Again, any other ideas feel free to comment. I hope this will be my last post.

Monday, May 2, 2011

Shows I Never Want to Be On

Secretly, almost everyone hopes to be on TV someday. Wether being interviewed for a movie or book or actually being a TV star people want to be seen on the television. I am no exception.

However, there are plenty of shows I will never be on, or hope to never be on. It may be any number of reasons I won't be on these shows so I thought I'd go over a few of them with you. Most of them are reality shows, so if you're a fan of the genre, here's your warning.

America's Next Top Model- Normally I don't mind competition style reality shows, because generally they involve some kind of skill. I'm not saying modeling doesn't take skill, but this show just bugs me. And really in the grand scheme of surviving the wilderness, singing, having an unusual talent, having intelligence, and dancing, where does modeling lie? Not only are the challenges utterly ridiculous and I'm pretty sure most don't have a lot to do with normal modeling gigs, but the way people are judged drives me up the wall. One week, a contestant is in trouble for not taking it seriously enough, but then a different contestant can be in trouble for seeing it as a competition and not trying to be friendly and just get the job done. On top of all this, Tyra Banks drives me crazy. She takes herself far too seriously (her ego dwarfs Seto freakin' Kaiba's) and she's the main reason for the judging being all over the place.

Supernanny- This should be fairly obvious. If I'm ever on Supernanny that means I've probably failed as a parent. I also might be slightly crazy or in an abusive relationship. I watched two episodes this weekend. Not only were the fathers of both couples featured absolutely nuts, they also seemed to be controlling and semi-abusive jerks. If your family is on that show, there is something terribly wrong with your family, and I don't want that to happen when I'm an adult.

Teen Mom- Similar to why I don't want to be on Supernanny. I don't want to be pregnant any time soon. Thankfuly I think I'm past the stage where I can be on it. I'm 19 and because I wasn't 16 and Pregnant I think I'm okay having missed this oppurtunity. I also don't want to be on this show because of my children getting knocked up. It'll again mean I've failed as a parent.

Are You Smarter Than a Fifth Grader?- If I have to ask myself this I'm already in too deep. Secondly, though this doesn't happen often, some contestestants answer with an answer that's correct, but not in 5th grade level knowlege.

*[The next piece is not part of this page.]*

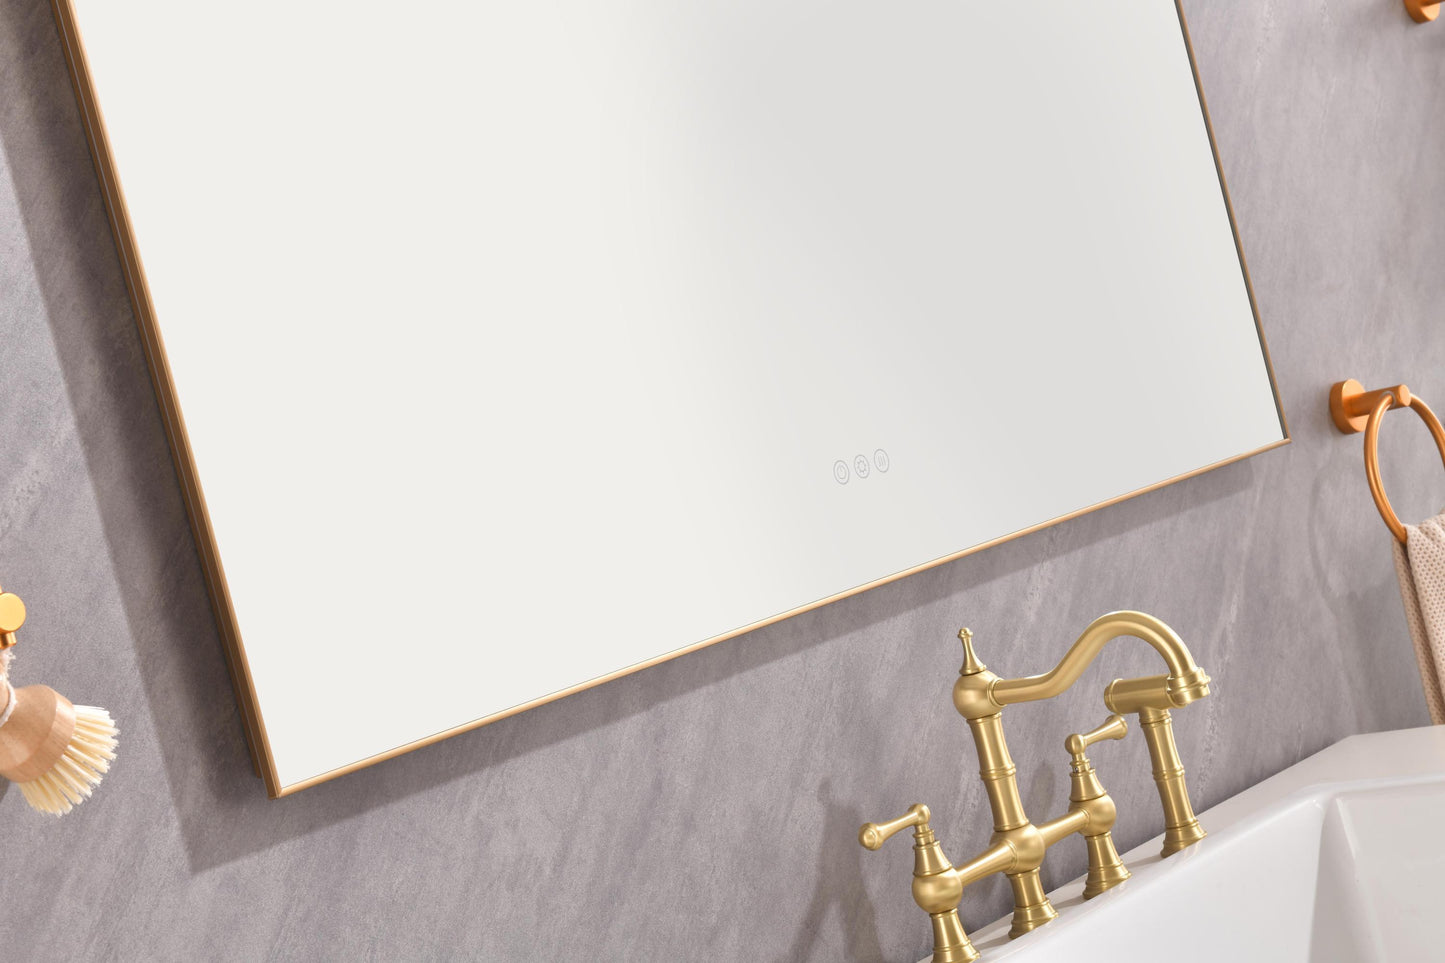 48x 36Inch LED Mirror Bathroom Vanity Mirror with Back Light, Wall Mount Anti-Fog Memory Large Adjustable Vanity Mirror

Million Dollar Money Drop- The whole premise of this show is flawed to anyone who isn't on the show. Contestants start with a million dollars, unfortunately the only place they can go is down from there. The show gives you a false sense of security by encouraging you to spread your money around onto more than one answer, thus causing you to lose money quicker than if you were sure of your answer and put all your money on it (even if it might be wrong).

To Catch a Predator- Do I need to explain this? I'm not a pervert, but I'd feel weird even if I just showed up in the background of a shot.